- TASK INSTRUCTIONS
Omit all images, then repeat exactly the lines below from the one containing "Co upholstered seat, Chrome餐椅细节图1" through the one containing "lys. Side 1.", both ends included.

- GIVEN ENTRIES

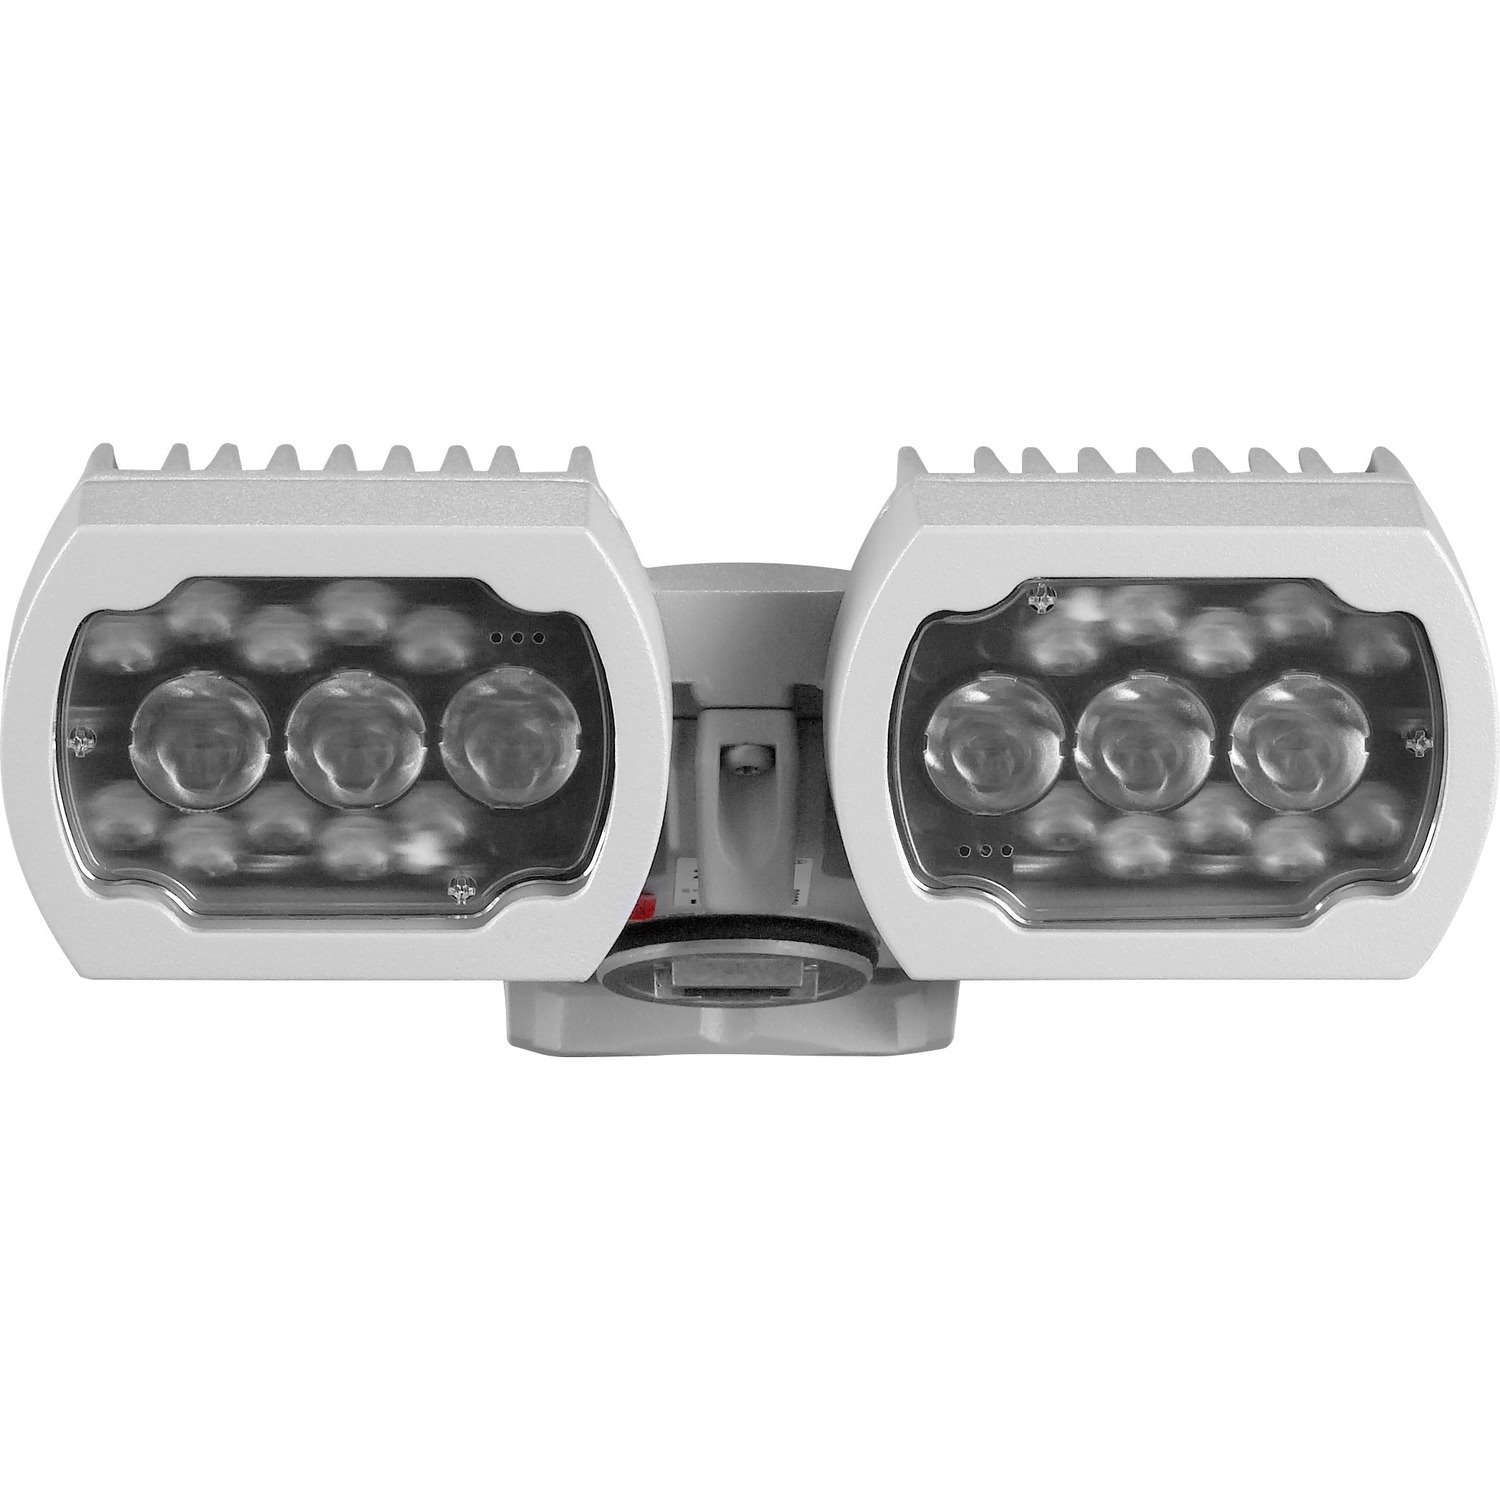 Bosch IR/White Light Illuminator for Network Camera
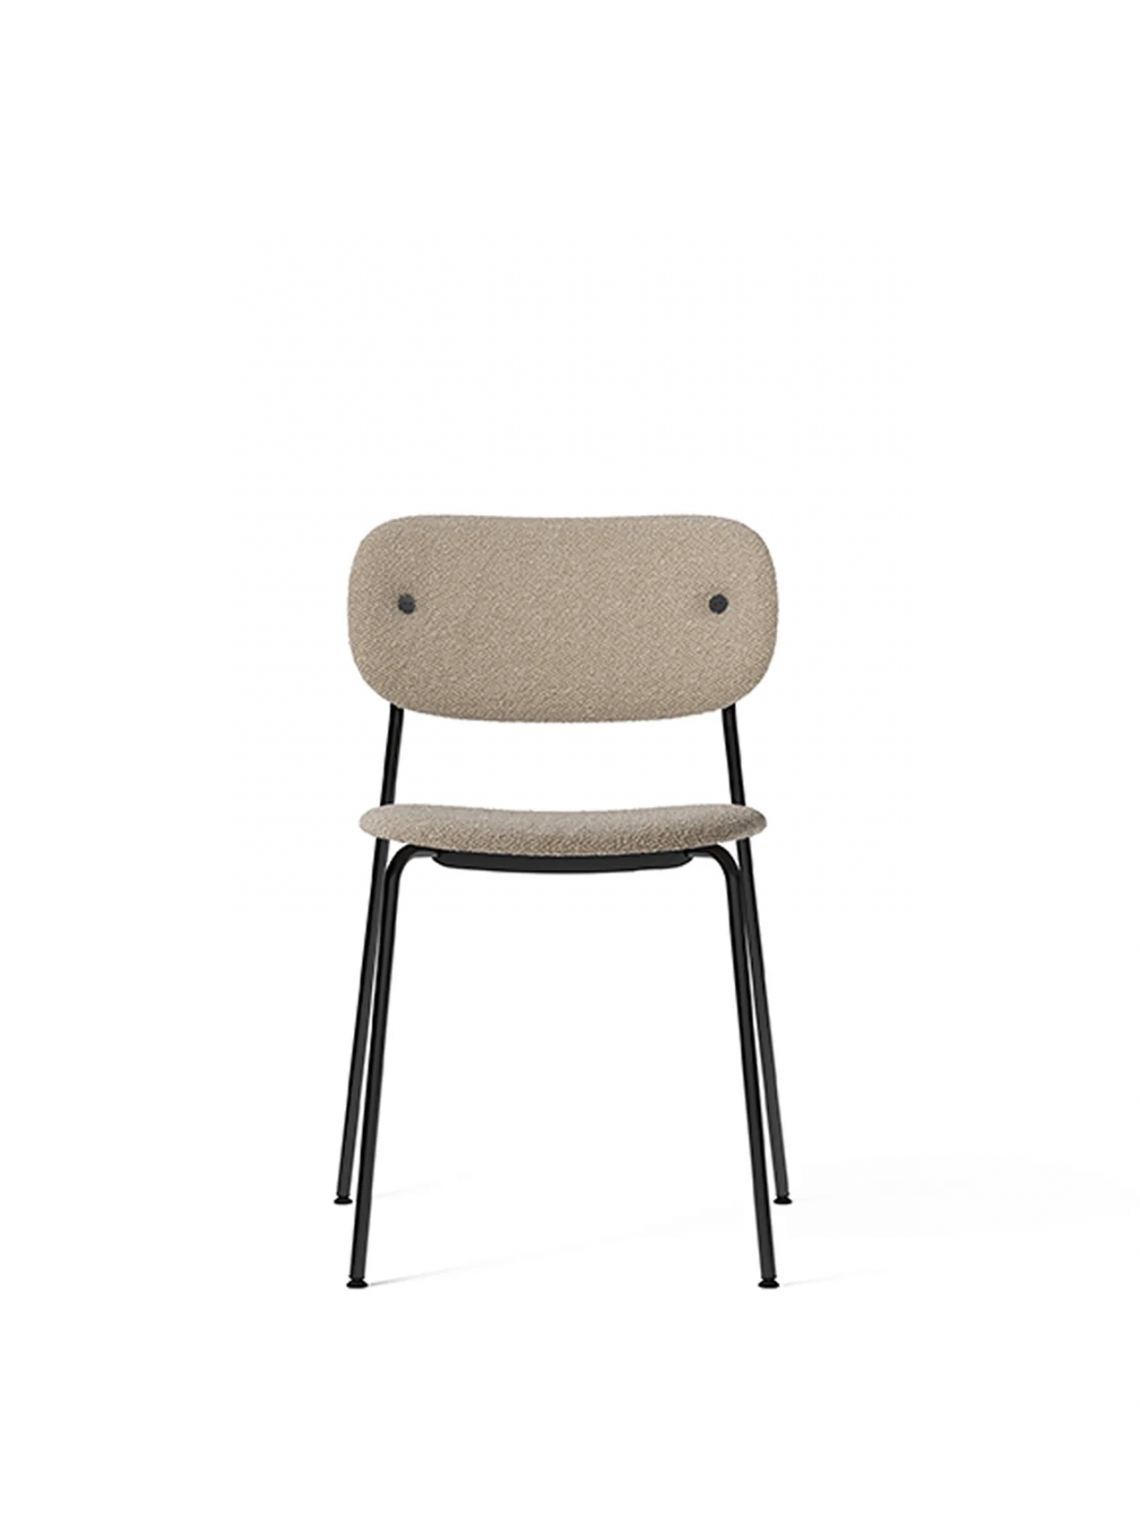 Co upholstered seat, Chrome餐椅细节图1
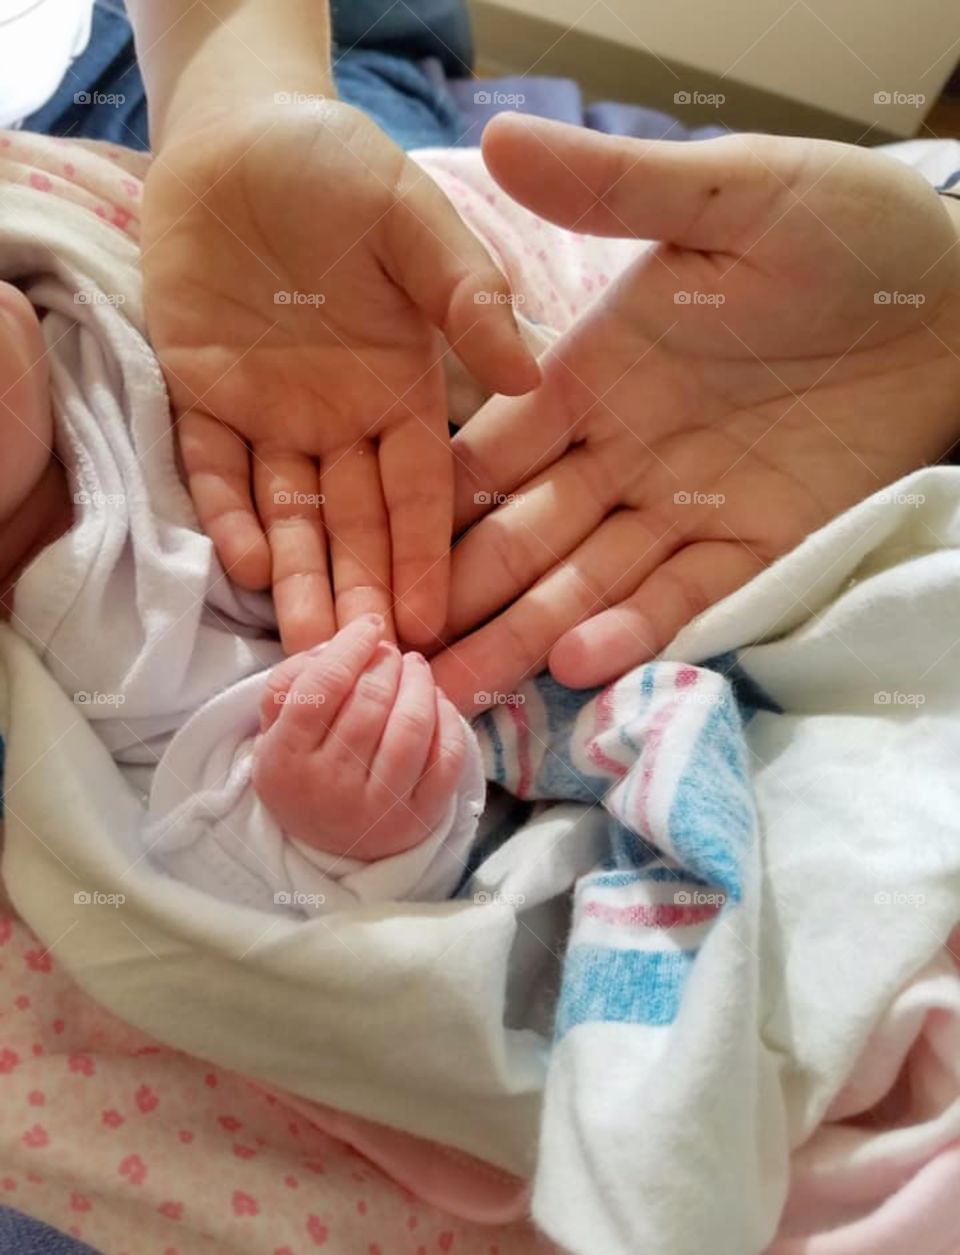 Welcoming newborn to the family 
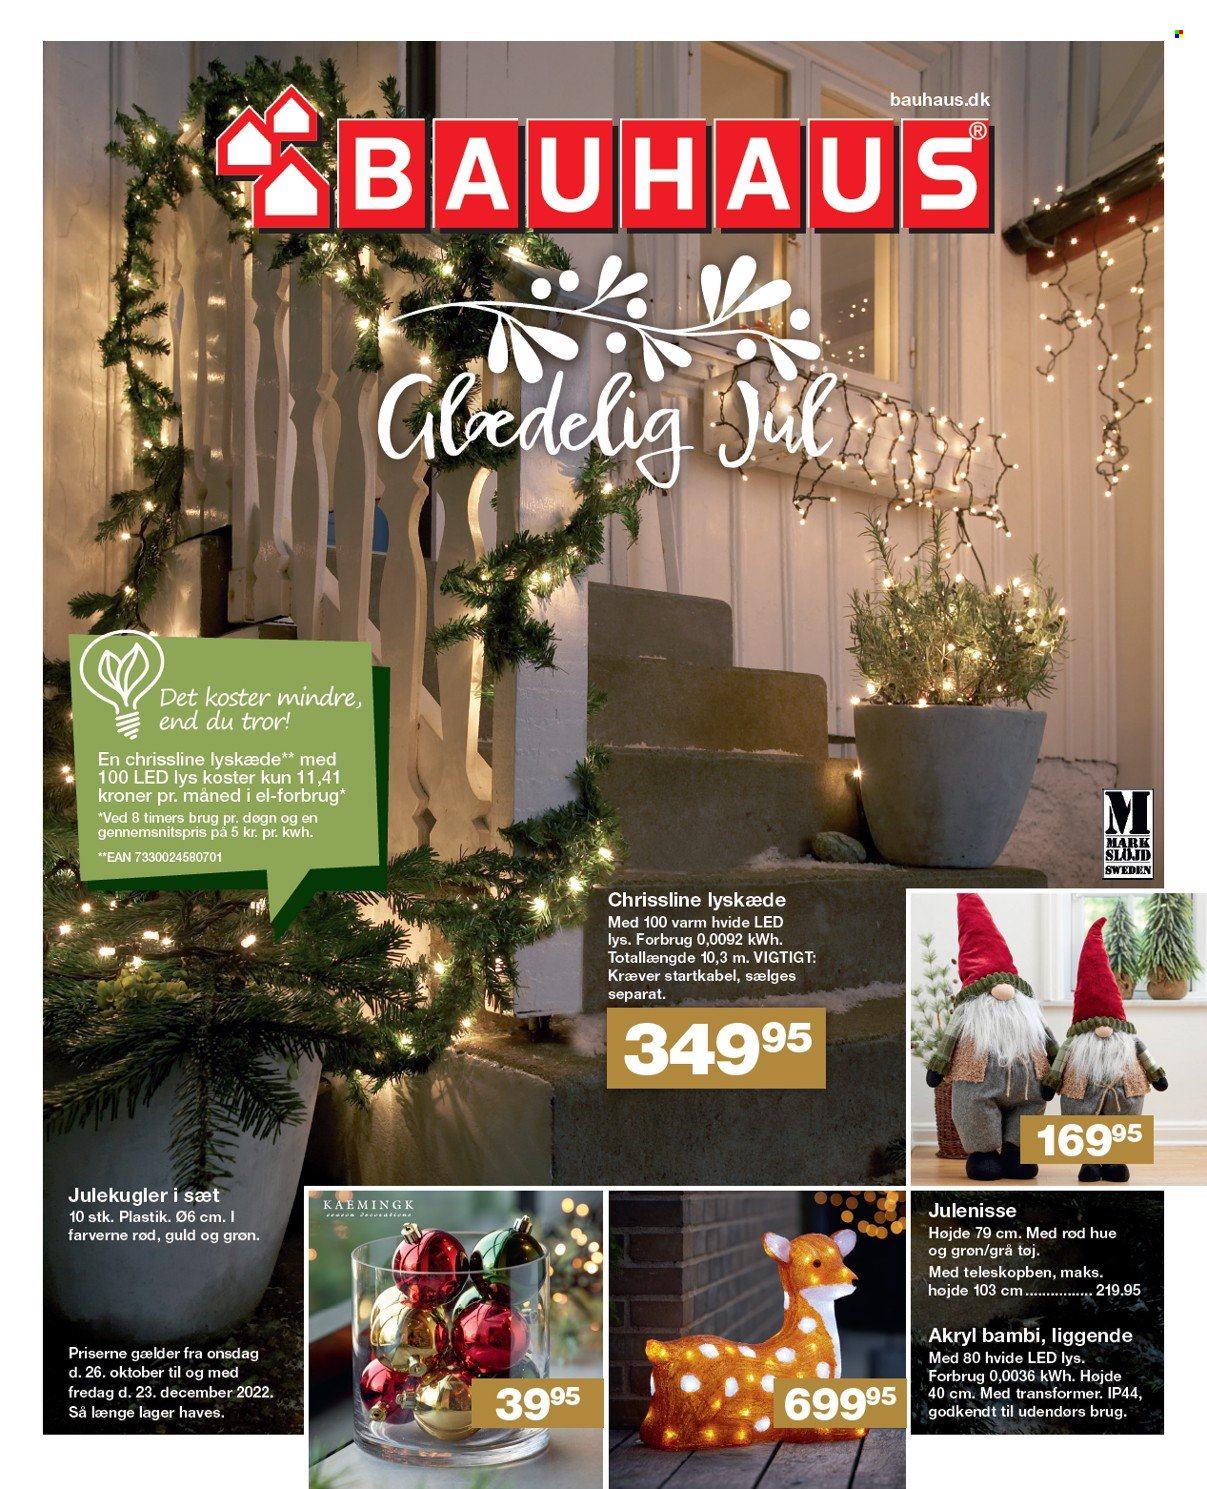 Bauhaus tilbud  - 26.10.2022 - 23.12.2022 - tilbudsprodukter - lyskæde, led lys. Side 1.
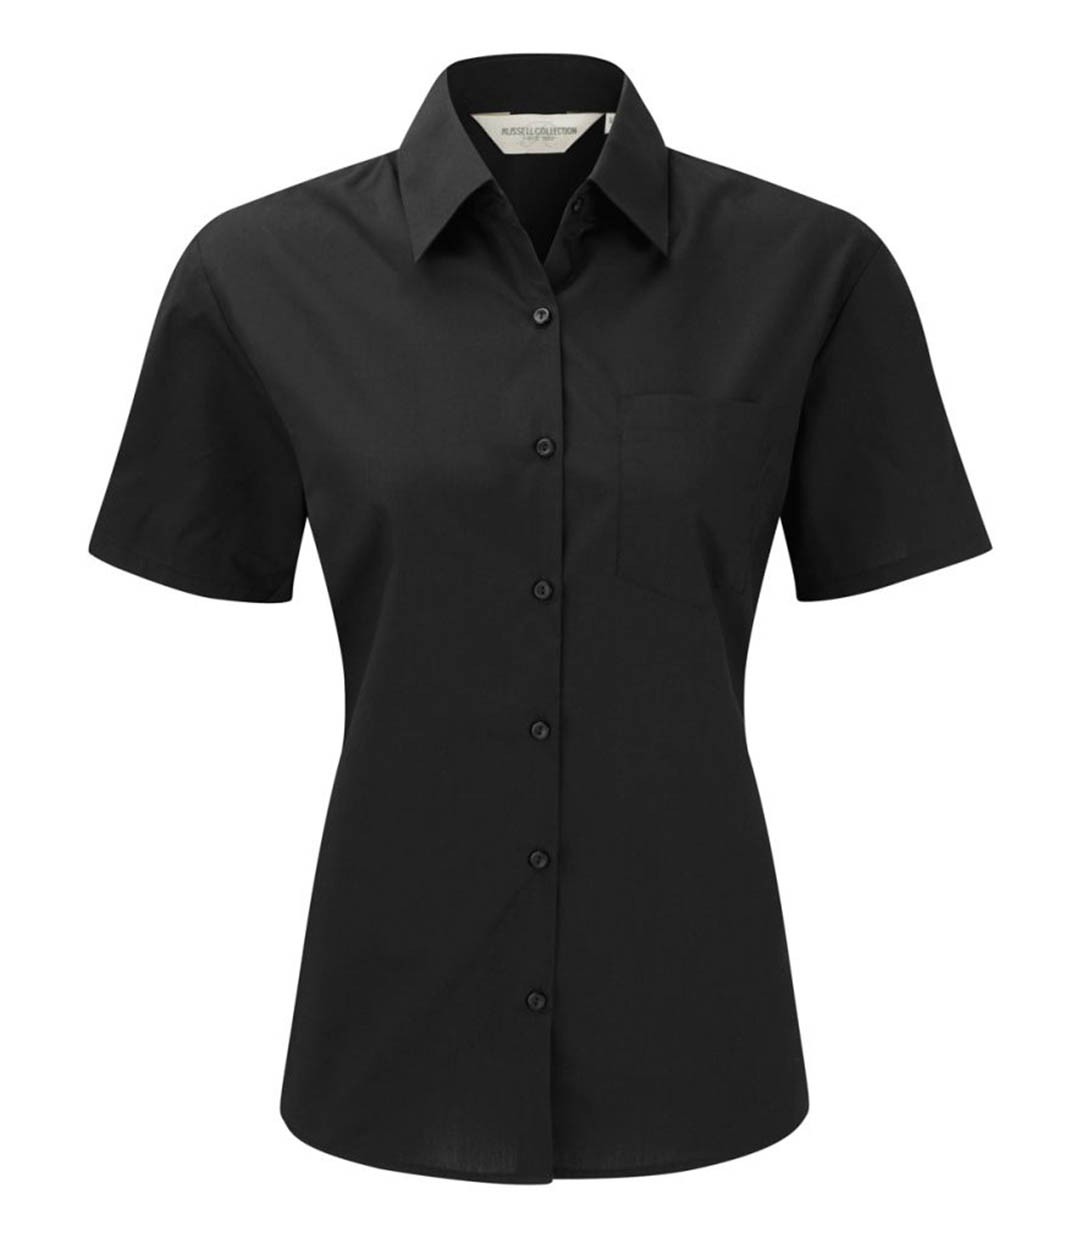 Russell Collection 935F Ladies Short Sleeve Shirt - Ladies Short Sleeve  Work Shirts - Work Shirts - Shirts - Leisurewear - Best Workwear

- RESULT
 Co upholstered seat, Chrome餐椅细节图1
 Welcoming newborn to the family 
 Bauhaus tilbud  - 26.10.2022 - 23.12.2022 - tilbudsprodukter - lyskæde, led lys. Side 1.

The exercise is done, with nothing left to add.